Am I trying to say my selfishness is a mark of love? How can selfishness and love coexist? Ask the city we live in.
Karachi at its worst is a Karachi unconcerned with people who exist outside the storyteller’s circle, a Karachi oblivious to people and places who aren’t familiar enough for nicknames. What I’ve sometimes mistaken for intimacy is really just exclusion. But Karachi is always dual. Houses are alleys; car thieves are the people to help you when your car won’t start; pollution simultaneously chokes you and makes you gasp at the beauty of unnatural sunsets; a violent, fractured place dismissive of everyone outside its boundaries is vibrant, embracing, accepting of outsiders; and, yes, selfishness is the consequence of love.
No simple answers in Karachi. Just when we decide that intimacy is exclusionary, a man at the airport turns round and gives us his car-keys, a motia seller calls us ‘sister’ and adorns our wrists with flowers, families fling open their doors and avert their eyes and help us make our way to places of worship; at its best, Karim, Karachi is intimate with strangers.
If I am truly to call myself a product of this city, how can I not find it in me to learn that much easier lesson: how to be intimate with my intimates.

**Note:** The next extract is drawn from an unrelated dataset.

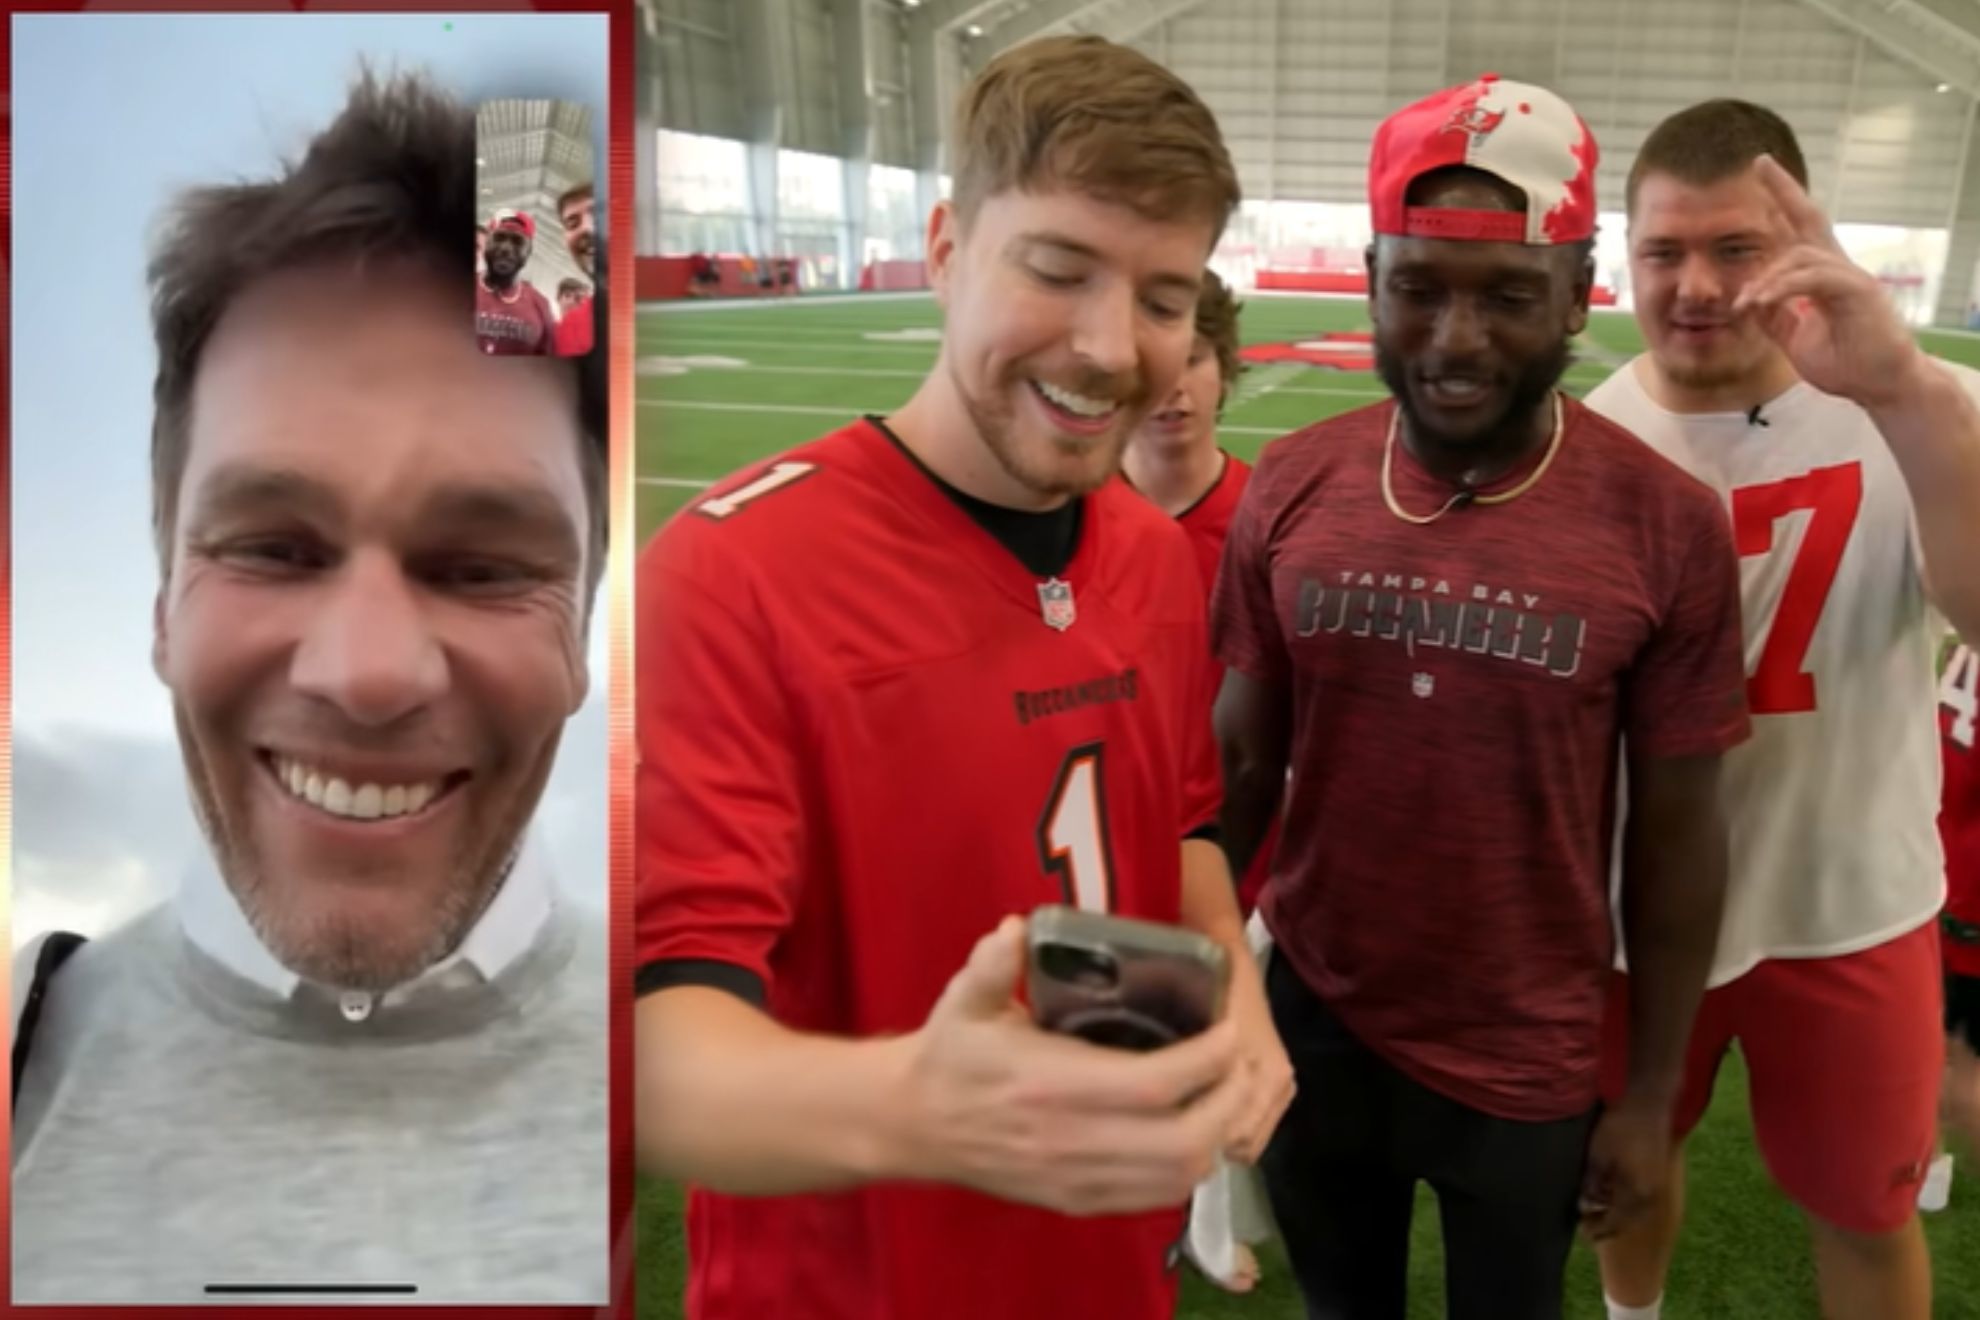 MrBeast signs $10 million contract with Buccaneers to become a real NFL player

This is not an epiphany, it’s just the start of an attempt to be brave enough to think about certain things that terrify me. There’s a letter we’ve both read which urges me to face the terror. What my father said and what he wrote were part of both our pasts, and to pretend the matter can be easily discussed and resolved is to deny how deep in our marrow consequences are lodged. We have to every day live with the truth and every day find a way towards unblinking, unsentimental compassion that renders forgiveness irrelevant. And compassion has to wheel all about us, in concomitantly widening and narrowing circles. To look at waves and understand that when they break they start to re-form, that seems crucial, though perhaps I’m getting my metaphors all tangled up.
I love this place, Karim, for all its madness and complications. It’s not that I didn’t love it before, but I loved it with a child’s kind of love, the kind that either ends or strengthens as understanding grows.
I can see you, out there, reading between the lines.